Some do it without thinking. Some do it only after a great deal of thought. Some do it to be included, or excluded, depending upon their need at the time. There are those who are cutting because they have been through so much, and have said so little, that they can only communicate through a blade to their skin. It’s nasty stuff and not understood by too many people. It is not a behavior you would associate with twelve year old girls. They should be worrying about using make-up for the first time, boys, music, boys, My Space, clothes, and boys, not how to gain some momentary relief from overwhelming emotions by cutting themselves.
These girls are not really too hard to spot. There telltale signals, but more often than not, you can just tell. Even without the clues there is just “something” you can notice. A look, a hollowness in their faces, an emptiness behind their eyes, how they carry themselves, a pleading look that says, “Pay attention to me. Look at me. Figure this out . Give me some help. Save me.”
This morning, one of my cutters, comes in to tell me she has “slipped up”. She raises her left shirt sleeve (she is right handed) and shows me about 30 or 40 parallel cuts on her upper shoulder and arm. They are fresh.
“When did you do that?” I ask it in a very calm, non-judgmental voice.
“Last night”, she says with her head lowered enough for her long blonde hair to cover her face.
“OK, so what happened?”
She is not the least bit reluctant to tell me. It is tedious and uncomortable story, but she does flinch from the truth of her life. I listen quietly to the story, for that is all I can do. I wait in silence for a moment. When she is finished, I begin to ask some questions, not about her, but about the girls she told this morning. I help her to assess their responses and lead her to the conclusion that she did nothing wrong, that her only mistake was trusting them to honor her feelings. Then, she makes the connection between the mean girls at school and her mom and step-father. There is no epiphany. There is no change in her demeanor or mine. She just knows. All of sudden, she just knows. She knows that she must learn how to handle all of the heartache and pain and emotional violations she has been dealt. She knows that she must stop cutting herself and do something else, but she is not sure what. She knows that she must be more discerning with her feelings, her emotions, her honesty.
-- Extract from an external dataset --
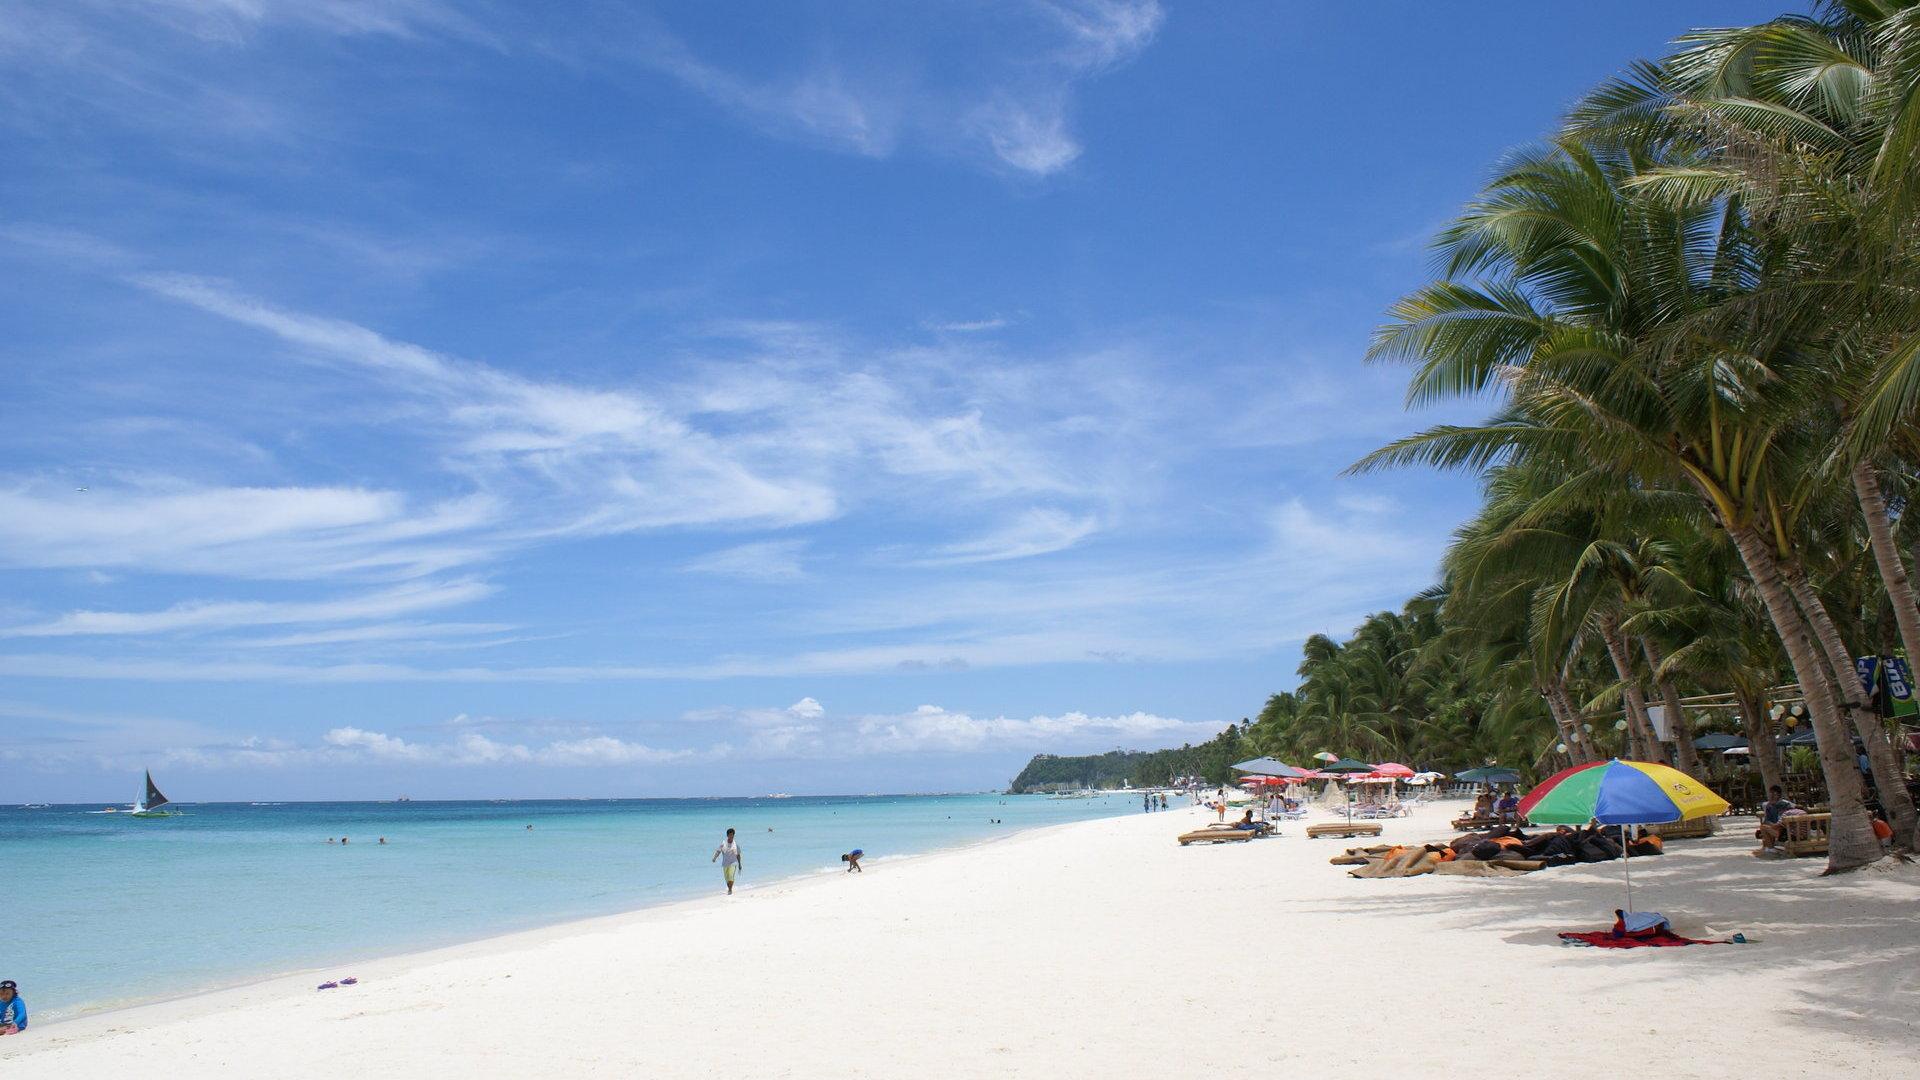 wallpaper download beautiful island beaches 1920x1080px HDTV 1080p 1920x1080

And she also knows she is more scared than ever. She has a very long way to go. I am honest with her and tell her what other things can happen if she does not learn to cope in a healthy way with herself. I show her pictures of extreme examples of self-mutilation. I do so purely for the shock value and it works, to some degree. I ask her to picture herself as a physically scarred young woman trying to go on dates and develop relationships while trying to keep the scars hidden. I ask her imagine how she might explain such scars to her children if she ever managed to get married and have any. The point is made. She is quiet, thoughtful, still frightened. I write her a pass to her computer class. I encourage her one last time to think about what she is doing. She gives me permission to call her mom. I will do so, but I can predict the results. She gathers her things and heads out.
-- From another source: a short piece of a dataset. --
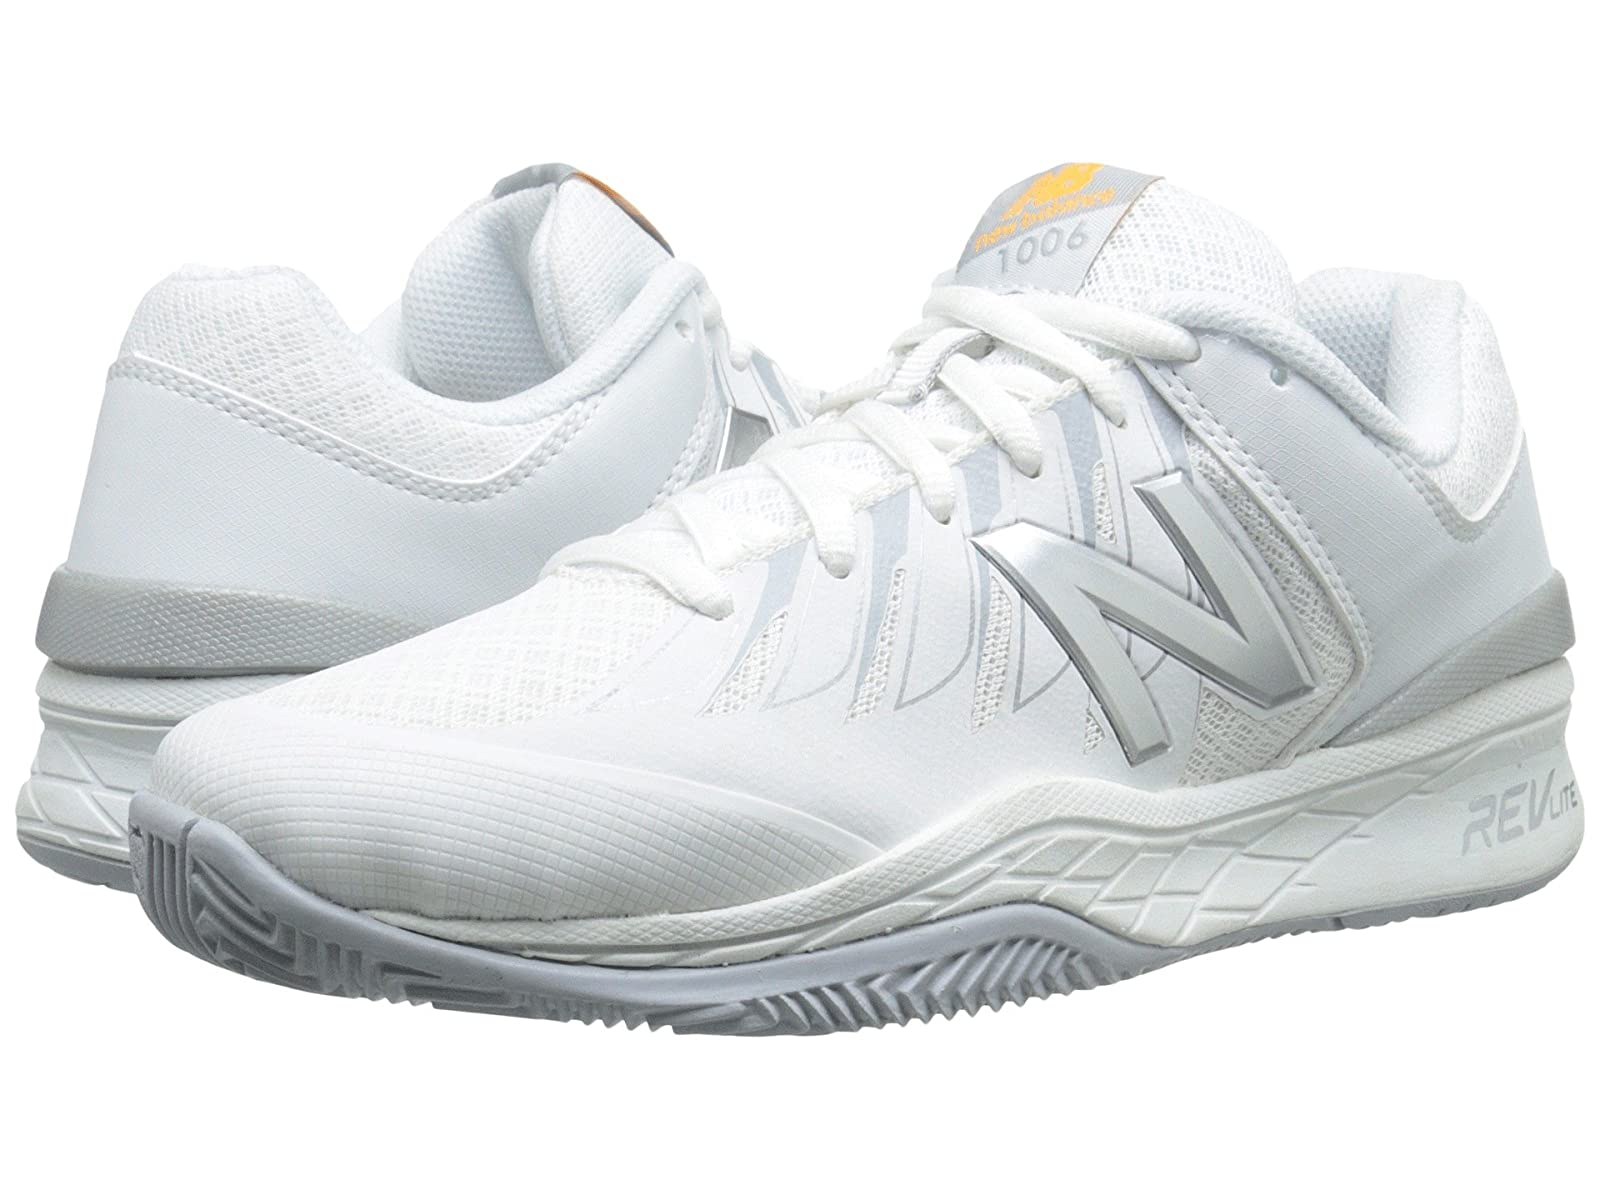 New Balance WC1006v1Atmospheric grades have affordable shoes

I have the same discussion several times a week with different students about healthy alternatives, building a support system of people you can trust, of taking care of yourself and setting goals.
The most frustrating thing about dealing with such students is that I know what will work, but is impossible to make it happen. It would take changing the hearts of parents who are simply fixated on their own personal pleasure, parents who have always had one and only one agenda: to make sure they have what they want and have to take as little responsibility as possible. These are mothers and fathers who live in a fantasy land where winning the lottery is just a matter of time and there will always be someone else who will be responsible and take care of them. These are parents who have no relationship to their children, who see them as a nuisance, who may give lip service to things live love and discipline and direction but do not have a clue what any of that means in the real world…and they are not the least bit interested in expending any energy to learn about it. These are the parents that accept their children’s explanation that “the damn cat scratched me”. Right. The cat managed to scratch her thirty four times with all the scratches perfectly parallel to one another and exactly the same length. OK. These are also the parents who refuse to allow us to do any kind of mental health screening of their child. The excuse is usually along the lines of “We handle our own problems” or “We just don’t like people knowin’ our business.” Those are euphemisms for masking the honest truth that they probably have too much to hide and too little desire to change any behaviors that might be contributing to the problems or they are afraid someone will put them in jail.
So, I end up doing what I can. I listen. I suggest. I console. I confront. And…I hope. I hope that sometime, somehow, somewhere along the way these kids will realize what they are doing and develop the skills to cope another way and they will perhaps some years down the road remember a day they sat in my office and were given permission to cry and hurt and be angry, a day when they were also, for those few moments, accepted, approved of and safe…even from themselves.
What I believe is simple..”More often than not, the most powerful thing you will ever do for another person in pain is to just be there.”